Personal information
- Full name: Look Saa Nicholas Kengkhetkid Mickelson
- Date of birth: 24 July 1999 (age 27)
- Place of birth: Skien, Norway
- Height: 1.79 m (5 ft 10 in)
- Positions: Left-back; right-back;

Team information
- Current team: SV Elversberg
- Number: 2

Youth career
- Ottestad
- 2014–2015: HamKam

Senior career*
- Years: Team / Apps / (Gls)
- 2015–2018: HamKam / 54 / (0)
- 2019–2021: Strømsgodset / 29 / (0)
- 2021–2025: OB / 95 / (2)
- 2025–: SV Elversberg / 27 / (1)

International career^{‡}
- 2015: Norway U16 / 3 / (0)
- 2016: Norway U17 / 2 / (0)
- 2017: Norway U18 / 8 / (0)
- 2018: Norway U19 / 5 / (0)
- 2019: Norway U20 / 2 / (0)
- 2018–2020: Norway U21 / 5 / (1)
- 2022: Thailand U23 / 3 / (0)
- 2023–: Thailand / 32 / (2)

Medal record
Thailand
ASEAN Championship
| Runner-up | ASEAN 2024 | Team |

= Nicholas Mickelson =

Thai footballer (born 1999)

Look Saa Nicholas Kengkhetkid Mickelson (Thai: ลูกโซ่ นิโคลัส เก่งเขตกิจ มิคเคลสัน; born 24 July 1999) is a professional footballer who plays as a right-back for Bundesliga club SV Elversberg. Born in Norway, he plays for the Thailand national team.

==Club career==
Nicholas Mickelson began his professional career at Hamarkameratene. On 23 May 2015, He made the first-team debut as a substitute in the Norwegian Second Division match against Molde 2. Mickelson joined the Norwegian top-flight club Strømsgodset on 1 January 2019.

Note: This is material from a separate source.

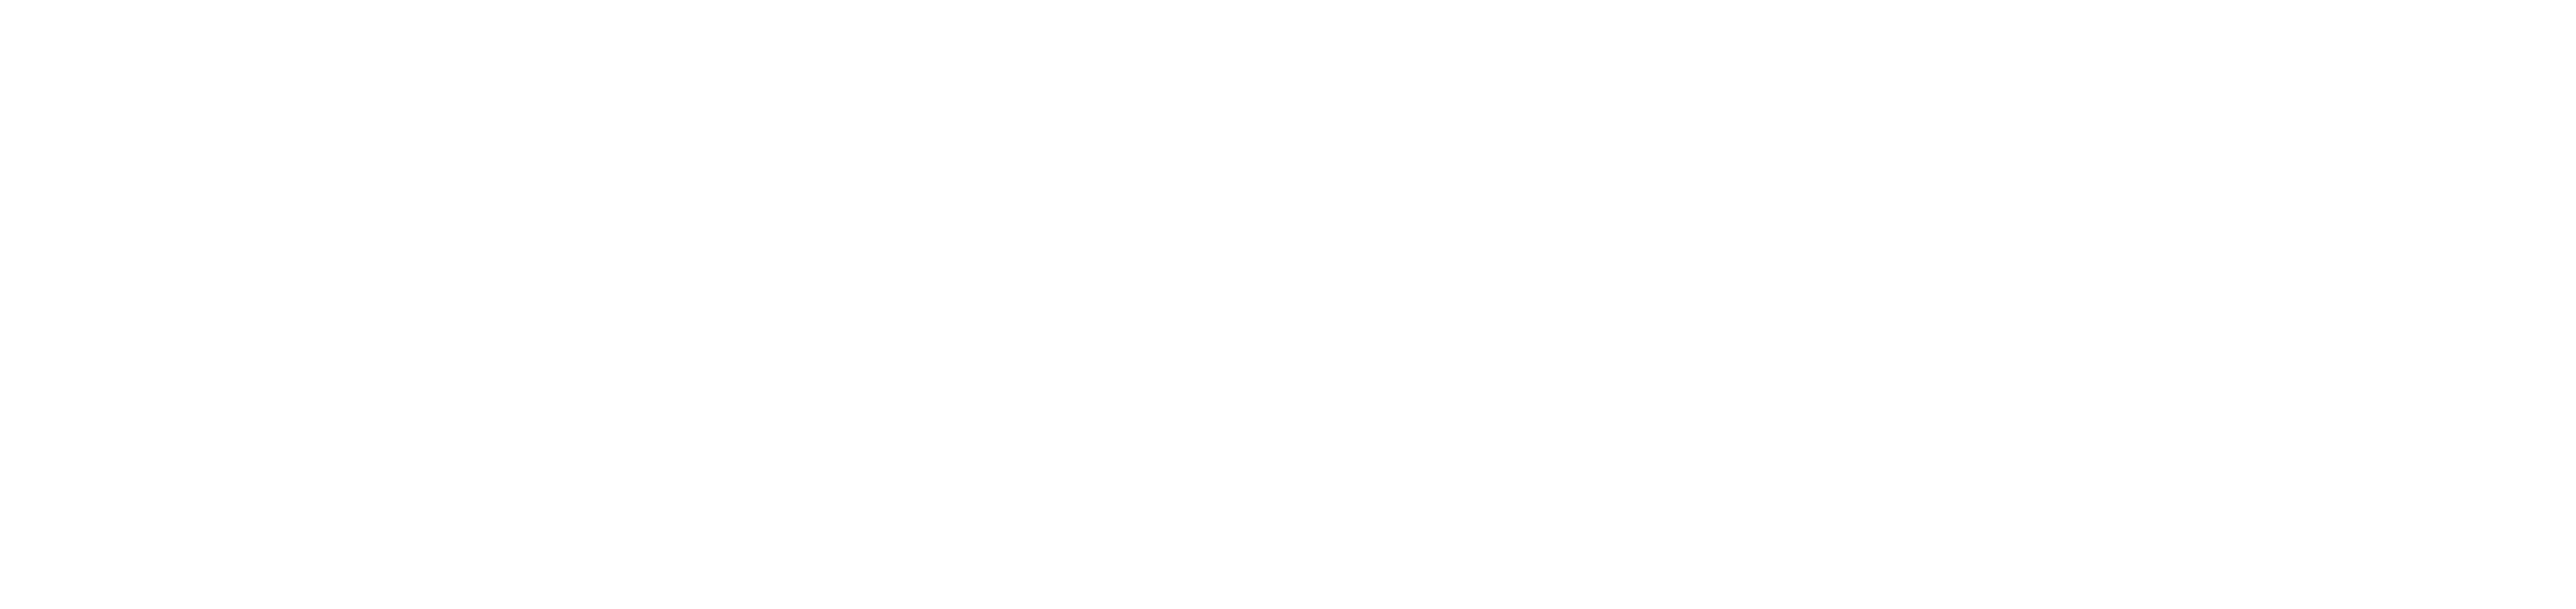 Caravan Industry Association of Australia Logo

On 30 August 2021, Danish Superliga club Odense BK confirmed that Mickelson would join the club on 1 January 2022 on a free agent, when his contract with Norwegian club, Strømsgodset expired. Mickelson signed a pre-contract until June 2025. However, on 31 August 2021 OB confirmed, that Mickelson would instead join the club with immediate effect. He made 102 appearances for Odense BK.

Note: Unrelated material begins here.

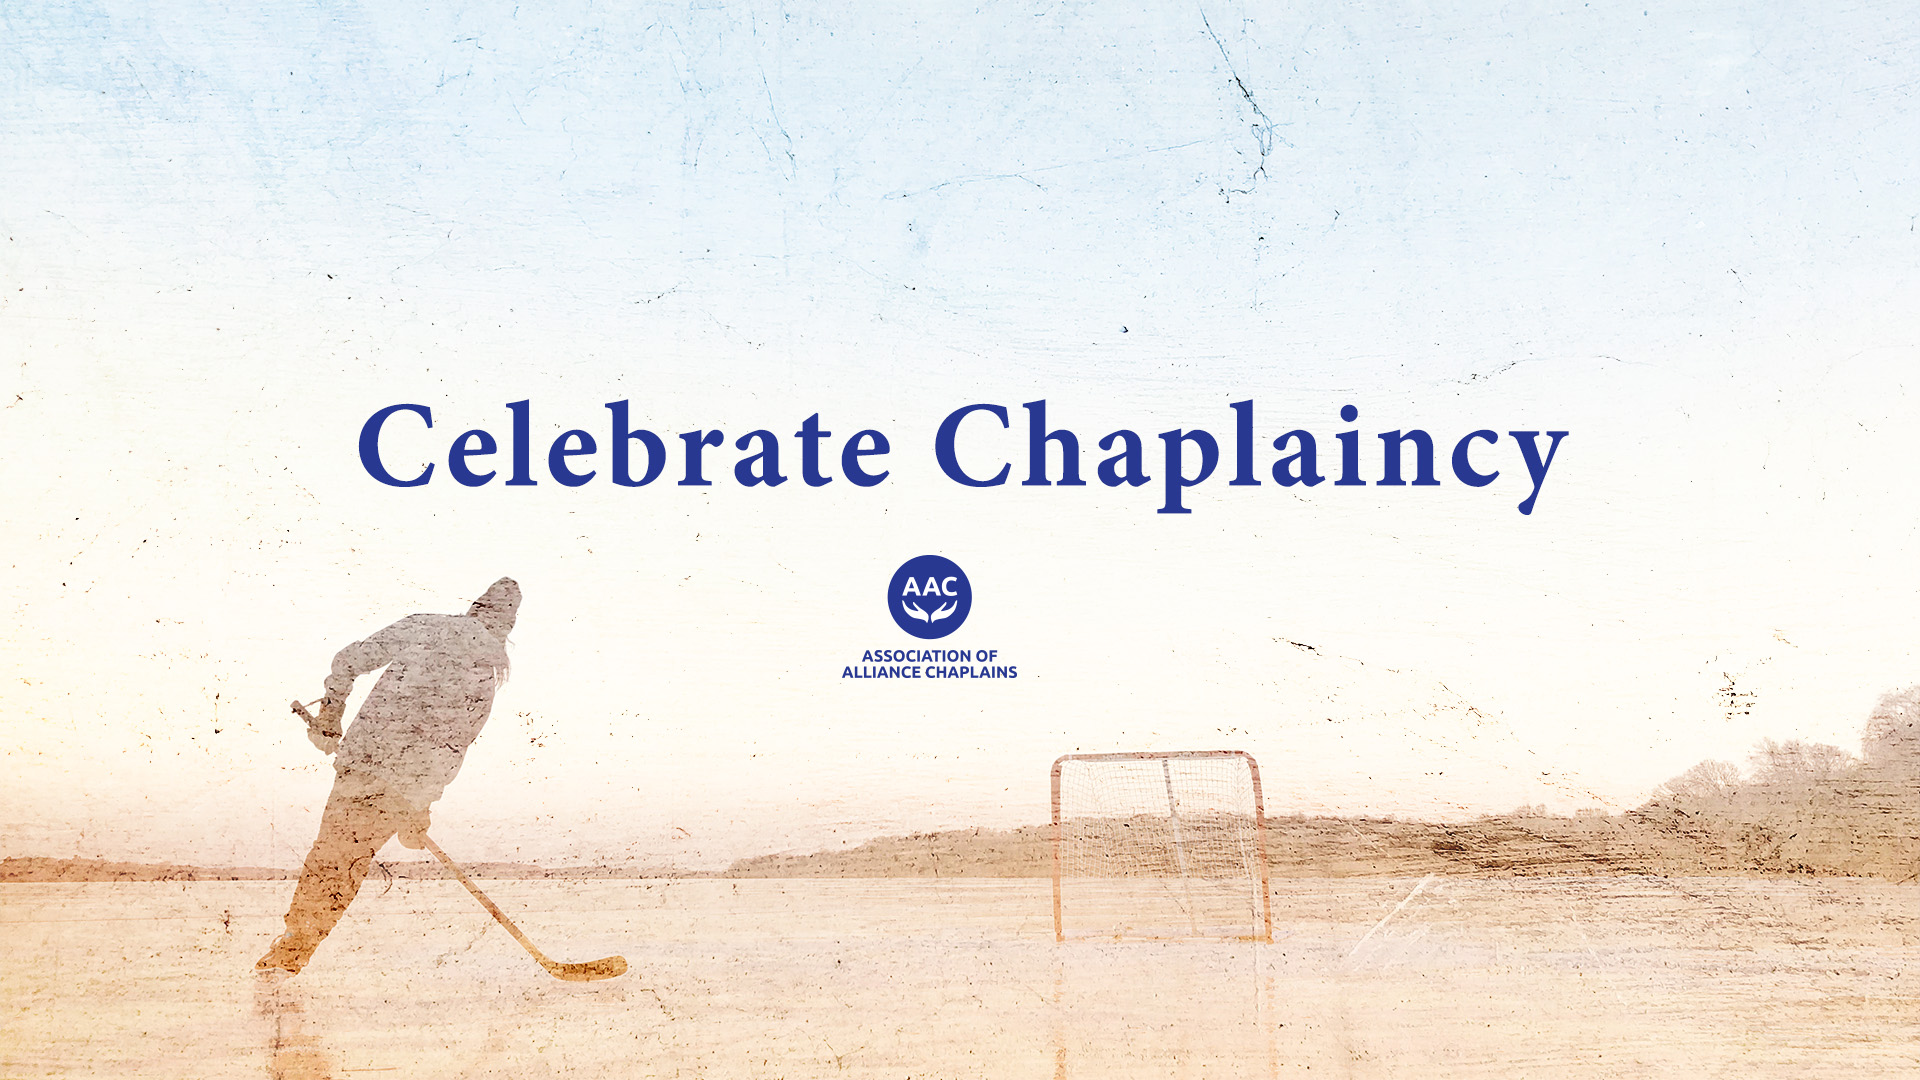 Celebrate Chaplaincy

In July 2025, Mickelson signed a two-year contract with German club SV Elversberg. He made his 2. Bundesliga debut for SV Elversberg as an 81st-minute substitute in their third match of the season against 1. FC Kaiserslautern. Mickelson made his first start in the 4–0 win against 1. FC Magdeburg on 5 October 2025, providing the assist for the first goal by Bambasé Conté in the 23rd minute. On 14 February 2026, he scored his first goal for the club in the 2-1 win against Dynamo Dresden. During his first season with Elversberg, Mickelson made 25 league appearances as the club finished second in the league and won promotion to the Bundesliga.

==International career==

=== Youth ===
Mickelson represented Norway at the youth levels. He was part of the Norway Under-19 squad at the 2018 UEFA European Under-19 Championship in Finland. He was called up for the Norway Under-20 squad for the 2019 FIFA U-20 World Cup, but had to withdraw from the squad due to an Achilles tendon injury.

On 26 May 2022, Mickelson was called up to the Thailand under-23 for the 2022 AFC U-23 Asian Cup.

=== Senior ===
On 25 March 2023, Mickelson made his debut for the senior team in a friendly match against Syria at the Shabab Al Ahli Stadium in Dubai.

On 10 September 2023, Mickelson scored his first senior international goal in a 2–2 friendly tournament, 2023 King's Cup, drawing with Iraq at the 700th Anniversary Stadium.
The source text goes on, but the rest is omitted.